1865 год. Железная дорога продвигается на восток, каждая шпала, каждый рельс — мука мученическая. Болезни косят работников, которые мрут как мухи. Но приток новой рабочей силы с запада спасает строительство, которое должно держать высокий темп, иначе весь гигантский железнодорожный проект потерпит финансовый крах. И вот однажды, точнее, 9 ноября, Я.А. слышит рассказ о китайском невольничьем судне на пути из Кантона. Это старый парусник, на котором переправляли в Калифорнию похищенных китайцев. Когда после затяжного штиля подходят к концу провиант и вода, на борту вспыхивает бунт. Чтобы подавить его, капитан обращается к методам, которым по жестокости, пожалуй, нет равных. Даже Я.А., не задумываясь пускающий в ход кулаки и кнут, чтобы подгонять работяг, возмущен услышанным.

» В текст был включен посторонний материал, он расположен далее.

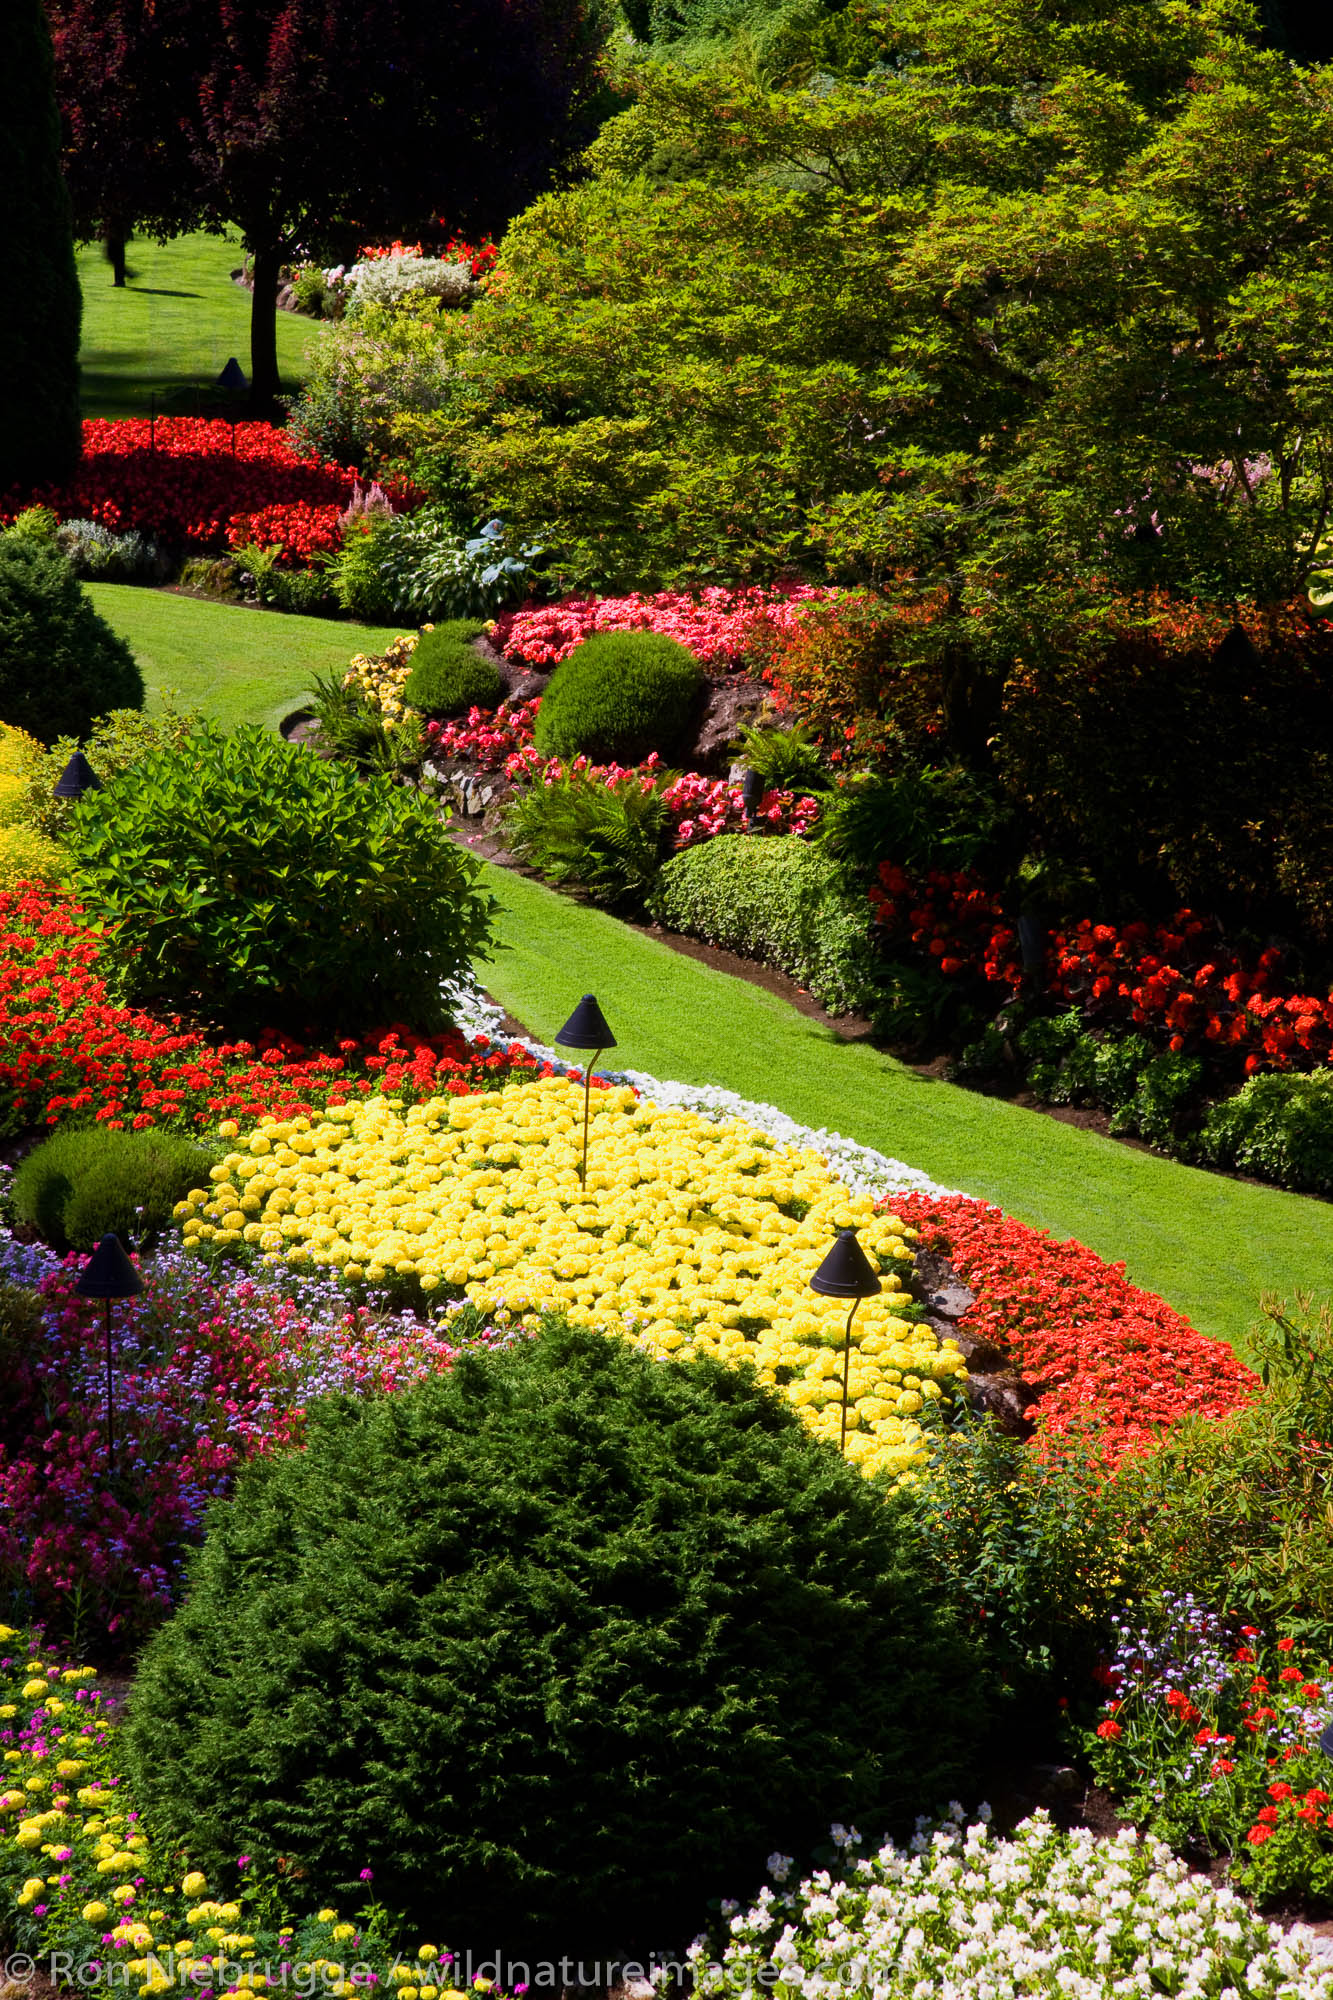 Sunken Garden at the Butchart Gardens, Victoria, Vancouver Island, British Columbia, Canada.

Капитан связывает нескольких убитых китайцев-бунтовщиков с еще живыми и бросает их на палубе — одни медленно умирают от голода, другие гниют. Я.А. отмечает в дневнике: «неслыханный поступок».
Сопоставимо ли это? Может, и тут одному пришлось лежать с мертвым телом другого, накрепко привязанным к его собственному? Целый час, а может, меньше или больше? Прежде чем его или ее сразил решающий удар?
Это я упустила, думала Биргитта. Вопрос в том, упустила ли это и худиксвалльская полиция. По крайней мере, я сомневаюсь, что они внимательно прочитали дневники перед тем, как одолжили их мне.
На ум приходит еще одна возможная мысль, хоть она и кажется в принципе нелепой. Знал ли преступник о событиях, описанных в дневнике Я.А.? Существует ли здесь странная связь через время и пространство?
Можно задать и вопрос, почему Виви Сундберг отдала ей дневники. Надеялась, что Биргитта прочитает их и, если найдет что-нибудь важное, сообщит? Может быть, и так, ведь дел у полиции невпроворот.
Вероятно, Виви Сундберг хитрее, чем мне казалось, подумала Биргитта. Не исключено, что она хочет использовать упрямую судью, вмешавшуюся в расследование.
Может, Виви Сундберг даже относится к моему упорству с уважением? Женщина, которой, по всей видимости, приходится нелегко с раздражающими коллегами-мужчинами?
В конце концов она решила вернуться в постель. То, что она обнаружила, пожалуй, должно заинтересовать Виви Сундберг. Особенно теперь, когда подозреваемый покончил с собой.
Она проспала до десяти, встала и, заглянув в Стаффаново расписание, увидела, что в Хельсингборг он вернется около трех. А когда села, собираясь позвонить Виви Сундберг, раздался звонок в дверь. Она открыла. На крыльце стоял невысокий китаец. С завернутой в пластик коробкой еды.
— Я ничего не заказывала, — удивленно сказала Биргитта Руслин.
— Это от Ли из Худиксвалля, — улыбнулся китаец. — Бесплатно. Она просит вас позвонить. У нас семейный бизнес.
— Ресторан «Шанхай»?
Он опять улыбнулся:
— Ресторан «Шанхай». Очень вкусная еда.
Он оставил коробку и с поклоном исчез за калиткой. Биргитта распаковала еду, вдохнула аппетитные запахи и поставила все в холодильник. Потом набрала номер Ли. На сей раз к телефону подошел сердитый мужчина. Биргитта решила, что это пресловутый вспыльчивый отец, который держался на кухне. Он позвал Ли, передал ей трубку.
— Спасибо за еду, — сказала Биргитта Руслин. — Это был сюрприз.